- Hashem in 2023
- Education: Rutgers University
- Occupations: Comedian; writer; actress;
- Years active: 2010s–present

Comedy career
- Medium: Stand-up
- Genres: Dark comedy; deadpan; observational comedy;
- Subjects: Social awkwardness; identity; cultural issues; everyday life; religion; American politics;
- Website: www.dinahashem.com

= Dina Hashem =

American comedian

Dina Hashem is an American stand-up comedian, voice actress, and writer. She is known for her one-hour stand-up special, Dark Little Whispers, on Amazon Prime. Hashem is a two-time Emmy-nominee for her work writing on The Daily Show.

==Early life and education==
Raised in the Iselin section of Woodbridge Township, New Jersey, Hashem is of Egyptian and Moroccan descent. Her experiences growing up in a Muslim household in New Jersey would later inform much of her comedic material.

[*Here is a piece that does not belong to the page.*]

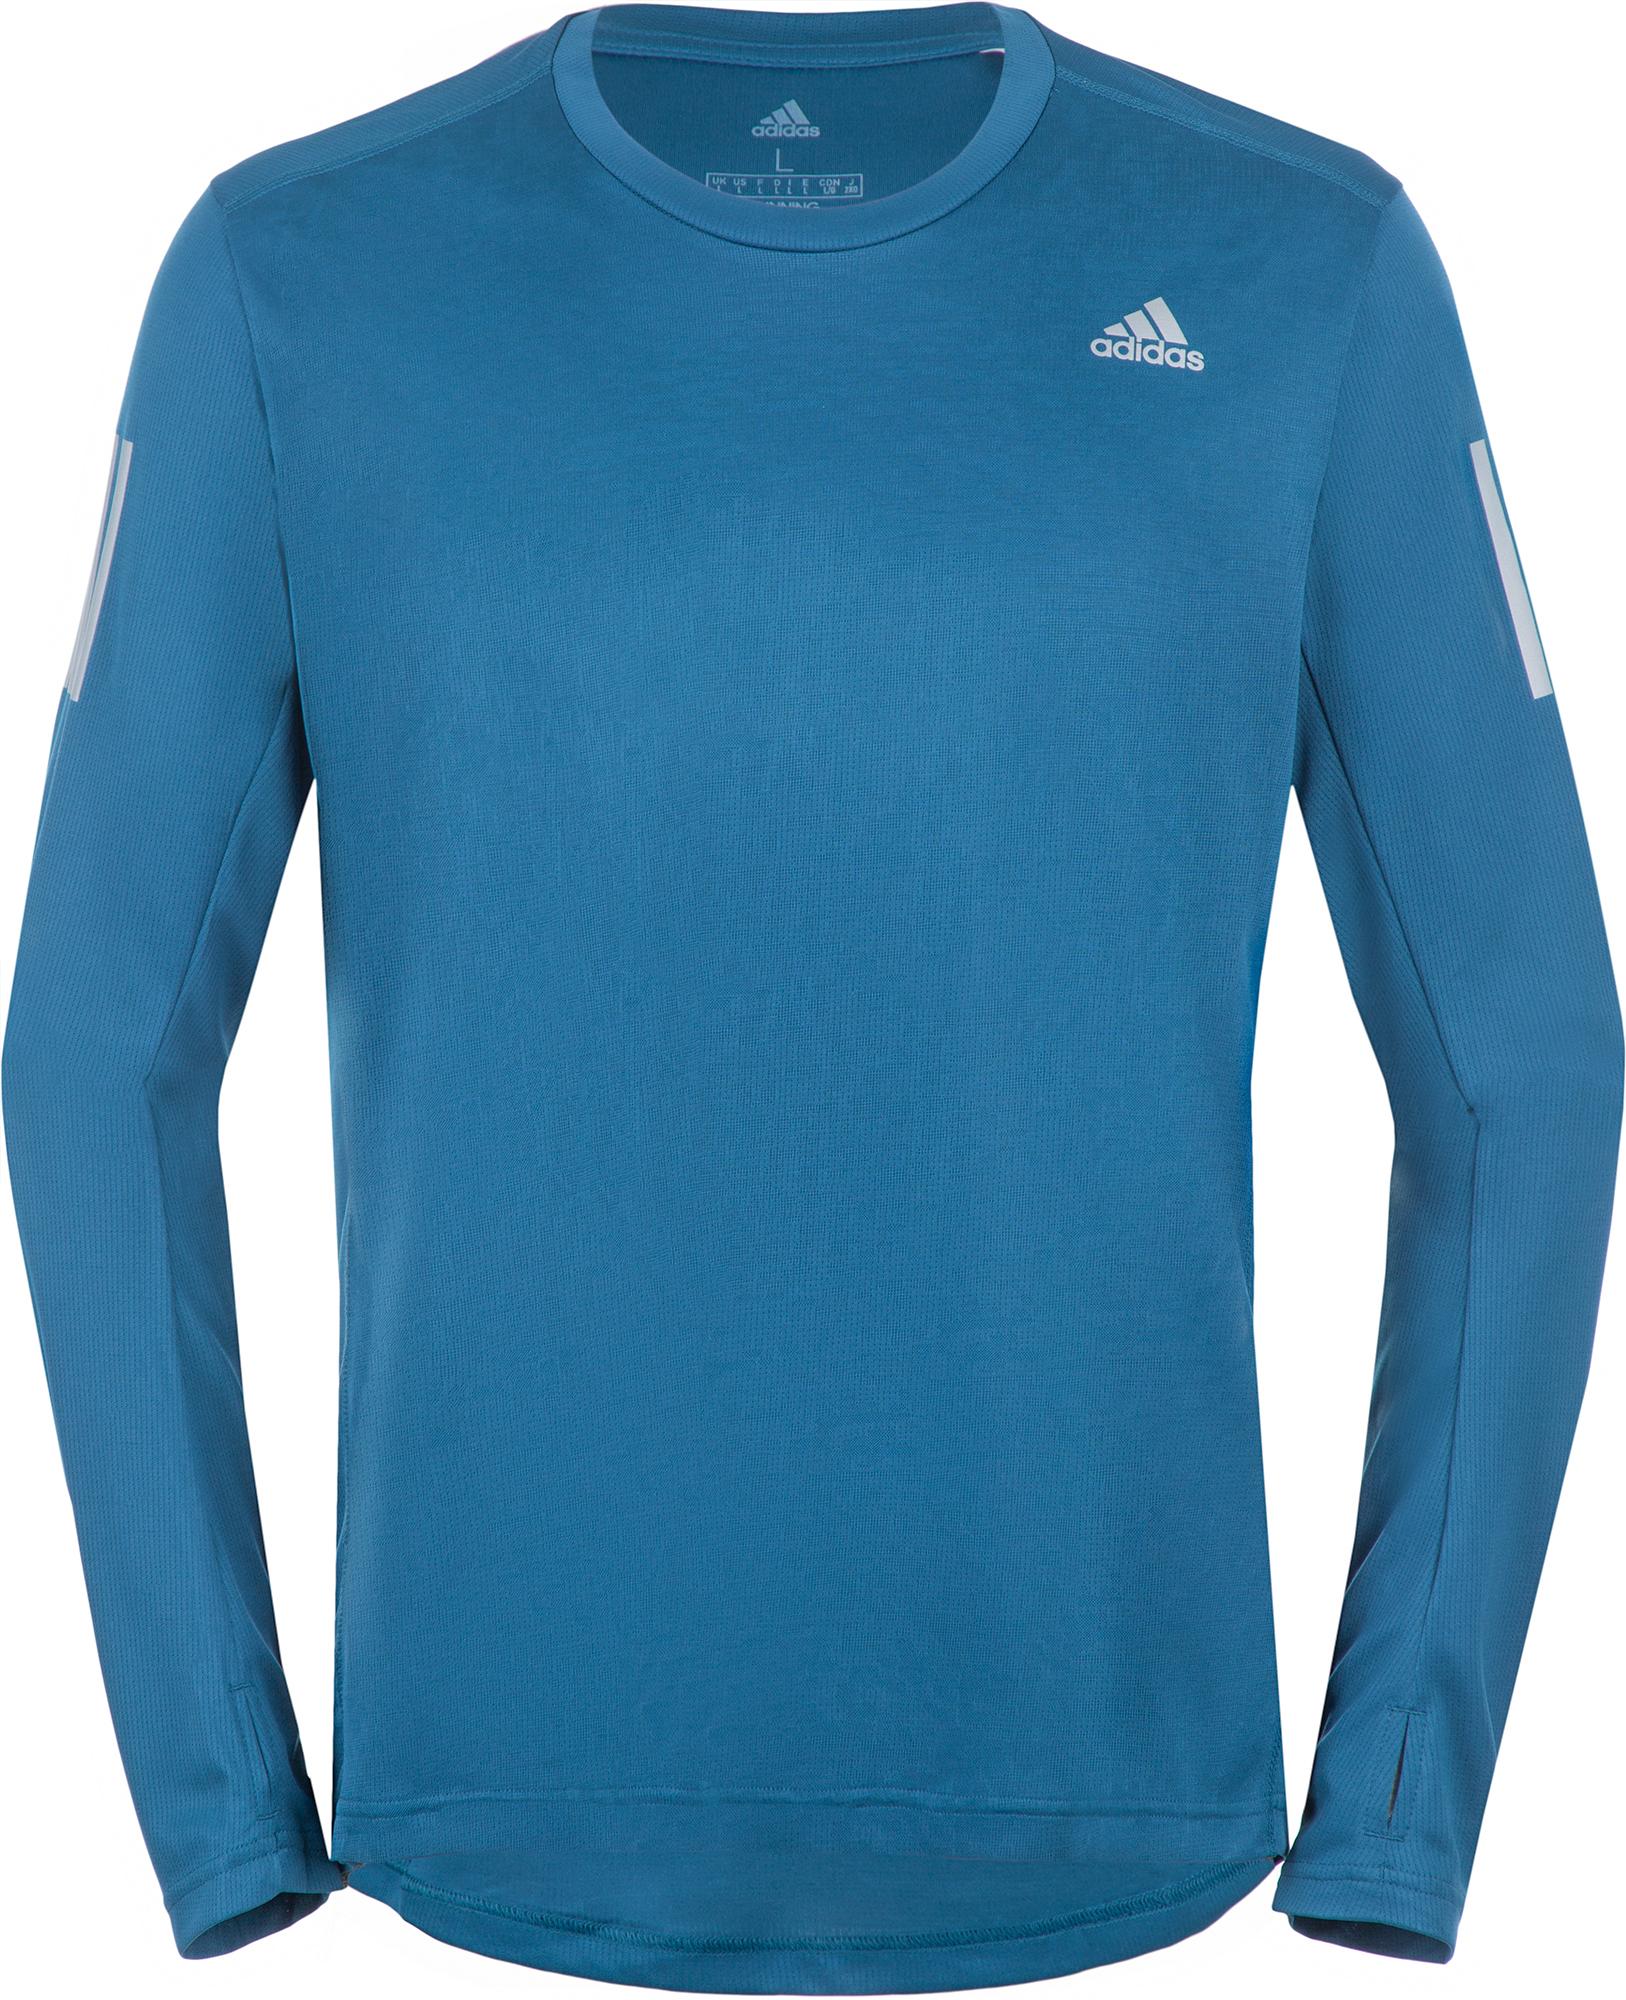 Adidas Лонгслив мужской Adidas Own The Run, размер 54 цена

She graduated from John F. Kennedy Memorial High School in 2007 and attended Rutgers University, where she studied English, philosophy, and Japanese. Hashem first performed stand-up while at Rutgers, entering a campus comedy contest to impress a classmate and winning.

==Career==
Hashem began performing in the New York City comedy scene in the 2010s. She first gained widespread attention from a roast performance at The Stand NYC, after a YouTube video "Shy deadpan girl viciously defeats a big loud guy" received more than 5 million views. Hashem then made her Comedy Central debut, winning in her first appearance on Jeff Ross Presents Roast Battle.

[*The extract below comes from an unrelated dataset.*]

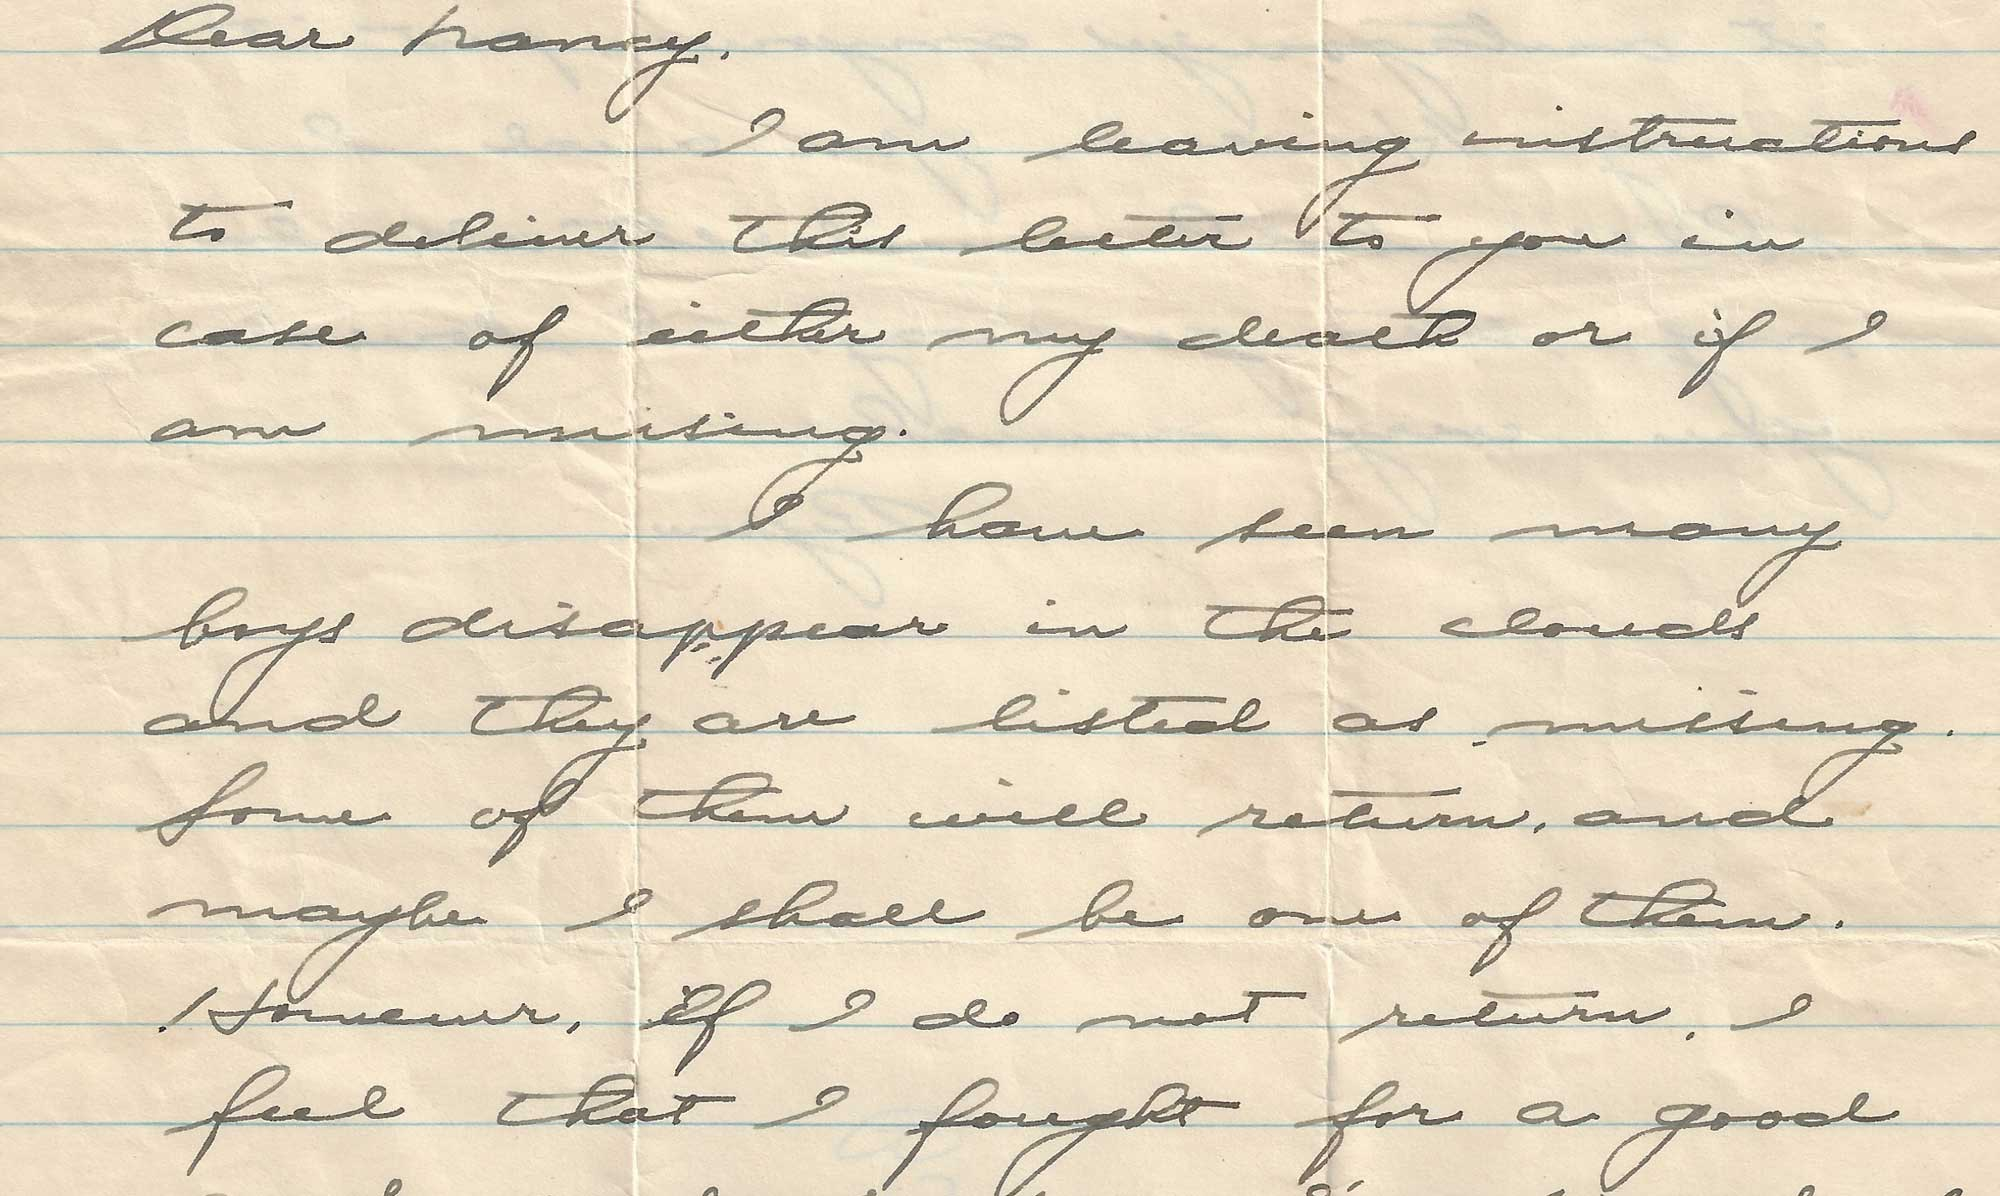 Bryan's Letter

She was named one of Team Coco's "Comics To Watch", before making her late-night stand-up debut on Conan on TBS. She has appeared on WTF with Marc Maron, 2 Dope Queens, Night Train with Wyatt Cenac, and Comedy Central's Stand-Up Featuring, which has nearly three million views.

Hashem's first hour-long special, Dark Little Whispers, on Amazon Prime was well-received by critics. Jason Zinoman of The New York Times wrote that Hashem is "one of the best deadpan artists working." The special was executive produced by comedian Sam Morril.

Hashem has written for Mindy Kaling's The Sex Lives of College Girls, as well as B.J. Novak's FX anthology series, The Premise. Hashem worked as a writer and voiced the recurring character Lamby the Lamb on Ramy Youssef's Amazon Prime series, #1 Happy Family USA. She has also voiced a character on Apple TV's Central Park.

As a writer on The Daily Show, Hashem has been nominated for two Emmy Awards and two Writers Guild of America Awards.

== Personal life ==

Hashem is an avid drummer and skateboarder. She has also used political satire to speak out against rhetoric targeting Arab Americans.